El hombre más delgado soltó una risa nerviosa.

—¿Te gusta, mierdecilla? —lo increpó el hombre—. ¿Te gusta, no?

—¡Méale en la cara, Roy! —dijo el hombre delgado, dando saltitos de nerviosismo—. ¡Méale en la puta boca, vamos!

T seguía inmóvil. El hombre de la polla fuera avanzó un par de pasos y el chorro salpicó la parte superior de su saco. T podía percibir el olor rancio y el vapor cálido, humeante, de la orina. Olía a retrete de tres al cuarto. Olía a sus calzoncillos cuando podía cambiarlos por otros, lo que no ocurría muy a menudo.

De pronto, el chorro cesó.

—Joder —exclamó Roy—. No hay más. Parece que no hemos bebido bastante cerveza.

—Qué asco —dijo el hombre que estaba en medio—. A mí este tío me da asco. Está todo meado.

El hombre delgado soltó una pequeña carcajada, demasiado aguda y estridente.

—Es verdad —dijo Roy—. ¿Cuánto hace que no te lavas?

—No se laaavaaa —canturreó el hombre delgado.

Roy se guardó la polla en los pantalones y se olisqueó las manos con asco. Luego carraspeó brevemente y forzó un gargajo que escupió sobre el viejo T. La baba blancuzca llena de coágulos de moco le alcanzó la mejilla derecha.

El hombre delgado soltó un pequeño alarido.

«Sus ojos», pensó T. Eran como dos huevos duros. Estaba hasta las cejas de cocaína o algo peor.

Roy miró a uno y otro lado de la calle, y entonces, sólo entonces, T supo lo que vendría a continuación. Lo supo con una certeza tan absoluta como que después de un martes venía un miércoles. Entró en pánico, un pánico sublime que germinó en algún punto de su estómago y subió hasta su cabeza como una explosión blanca. Y sintió miedo. Sintió tanto miedo que sus esfínteres se aflojaron. Quiso decir algo, quiso luchar por sacar los brazos del saco de dormir, pero no consiguió ni una cosa ni la otra. Antes de que pudiera darse cuenta, los tres hombres se habían colocado a su alrededor.

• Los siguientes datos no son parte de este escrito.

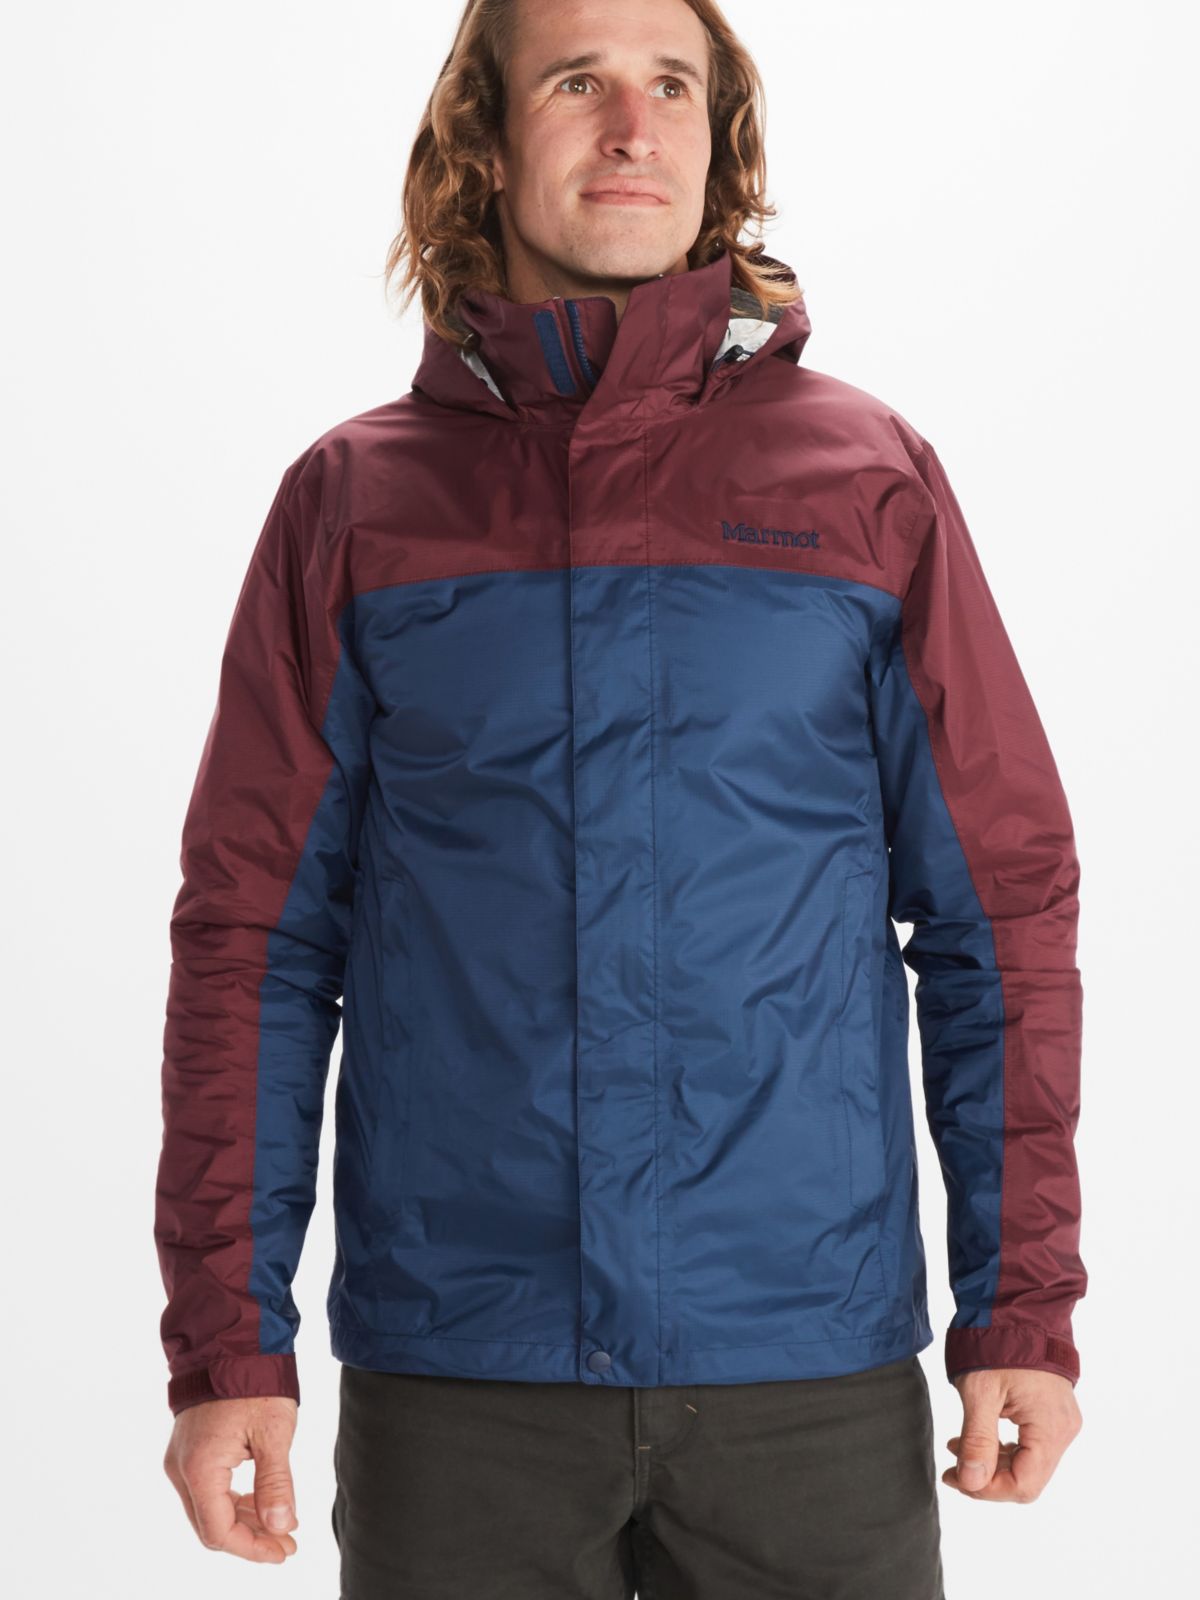 Model wears Marmot mens rain jacket in red and blue

Entonces empezaron las patadas.

—¡Búscate un empleo!

—¡Hijo de puta!

—¡Asqueroso de mierda!

—¡Mierda, pedazo de mierda!

T sintió las primeras patadas como explosiones en su cuerpo: fuertes, retumbantes. La vista sólo le ofrecía fotogramas confusos con imágenes rápidas, irreconocibles. Perdió la capacidad de enfocar muy poco después, más o menos cuando apareció el dolor en forma de pico agudo que lo transportó a un estadio de conciencia neblinoso donde apenas notaba el vaivén mortal de los golpes.

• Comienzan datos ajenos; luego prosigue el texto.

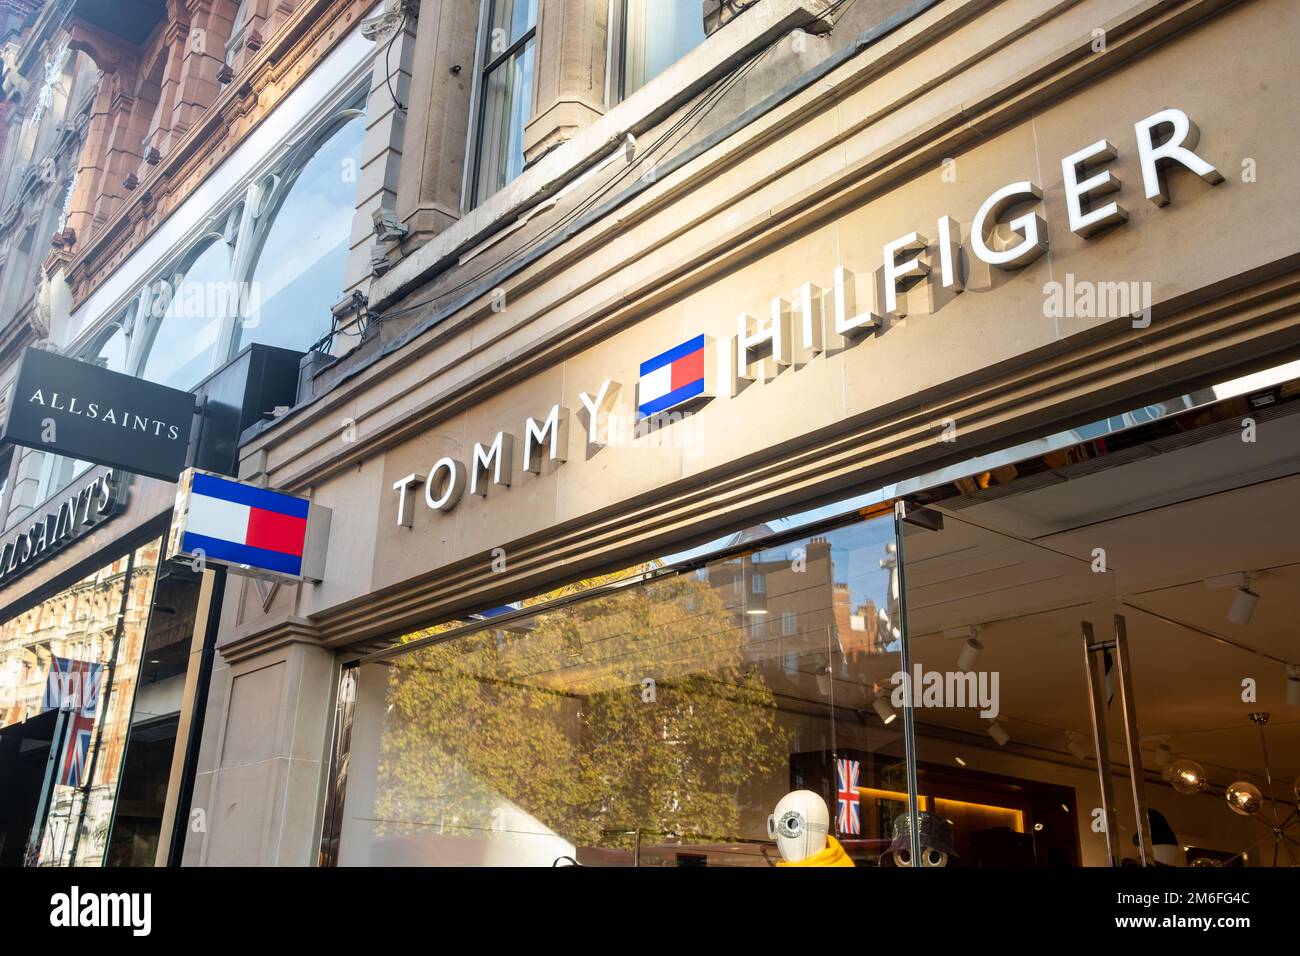 Fruitig spel periode London- Tommy Hilfiger store in Knightsbridge, an upmarket luxury American  fashion brand Stock Photo - Alamy

Los huesos crujían debajo del saco de dormir lleno de meados; el cuerpo se le doblaba a un lado y a otro entre espasmos terribles. Dolor. Confusión. Fogonazos en blanco. La sangre le manaba de la boca. Los incisivos frontales se hundieron en la encía antes de partirse al recibir una patada directa, arrancando una punzada de dolor casi eléctrica. T se desmayó en algún momento mientras empezaba a asfixiarse por tener la garganta anegada en sangre.

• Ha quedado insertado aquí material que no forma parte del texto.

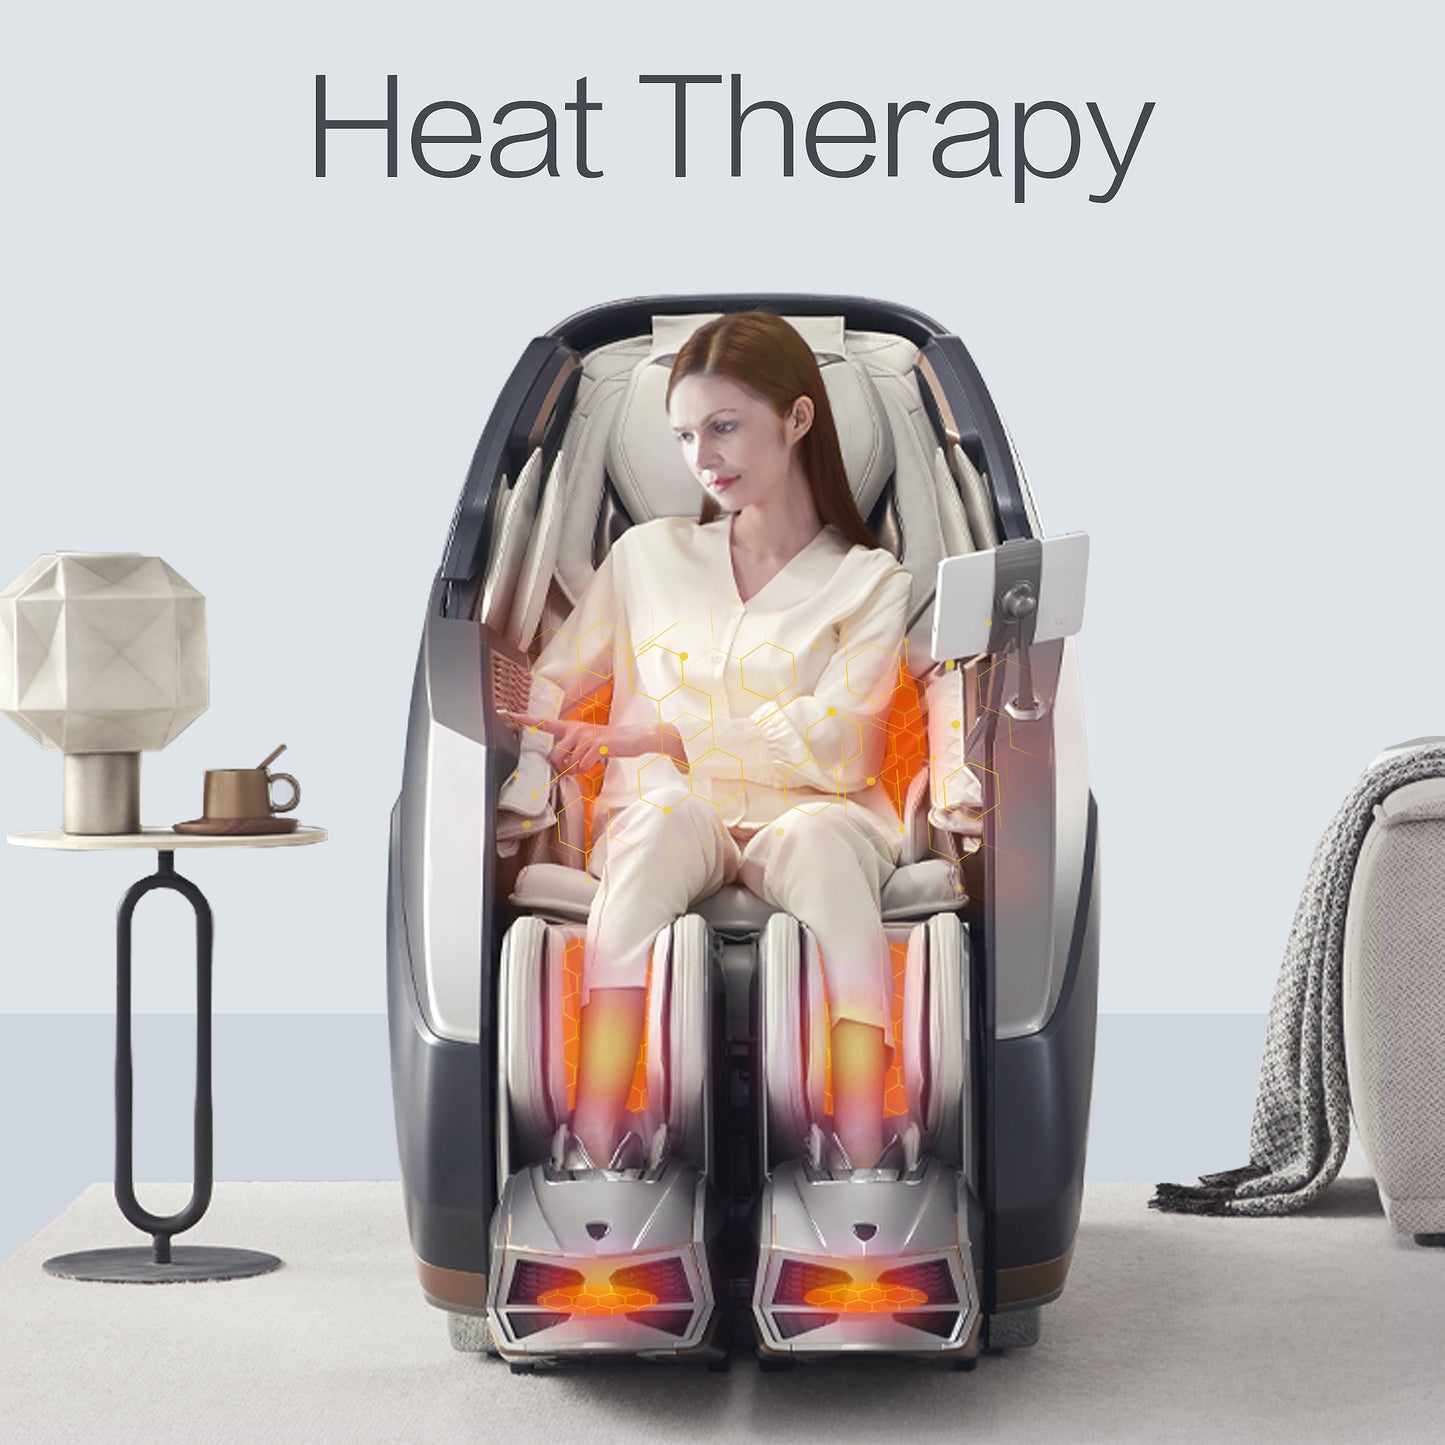 8802 Luxury 4D Fullbody Massage Chair

Los hombres continuaron todavía durante un rato. No eran banqueros, por cierto; eran agentes inmobiliarios y ganaban entre cinco y quince mil libras al mes, conducían coches caros y llevaban una vida con la que muchos soñaban. Uno de ellos había besado con dulzura a su hija de seis años antes de salir de casa, no hacía ni seis horas. Cuando pararon, estaban sofocados y jadeantes. El hombre de la polla menuda proyectó su brazo hacia la pared para no caer al suelo extenuado. La frente, cubierta de sudor, estaba caliente por el esfuerzo.

El hombre delgado miraba el cadáver con fascinación: sus ojos enormes como dos huevos duros se paseaban por los detalles, presos quizá de una mórbida fascinación.

—Joder —dijo el hombre del medio. Estaba pasándose la mano por el cabello, hasta un rato antes cuidadosamente peinado hacia atrás. Mientras lo hacía miraba a un lado y a otro, como si temiese ser descubierto—. Joder, joder.

—Bueno, ya está —dijo el hombre de la polla menuda.

—Ya está.

—¿Lo hacemos ahora? —preguntó el hombre delgado.

—Sí —respondió el primero, pasándose el antebrazo por la nariz y sorbiendo ruidosamente.

—¿Has traído el tablero?

—Sí, joder. ¡Sí!

—Vamos a mi casa.

Y se alejaron, caminando por la pequeña callejuela a oscuras. Ninguno de ellos vio las sombras que, pegadas a sus cuerpos, gravitaban a su alrededor infinitamente satisfechas, hambrientas y henchidas a un mismo tiempo.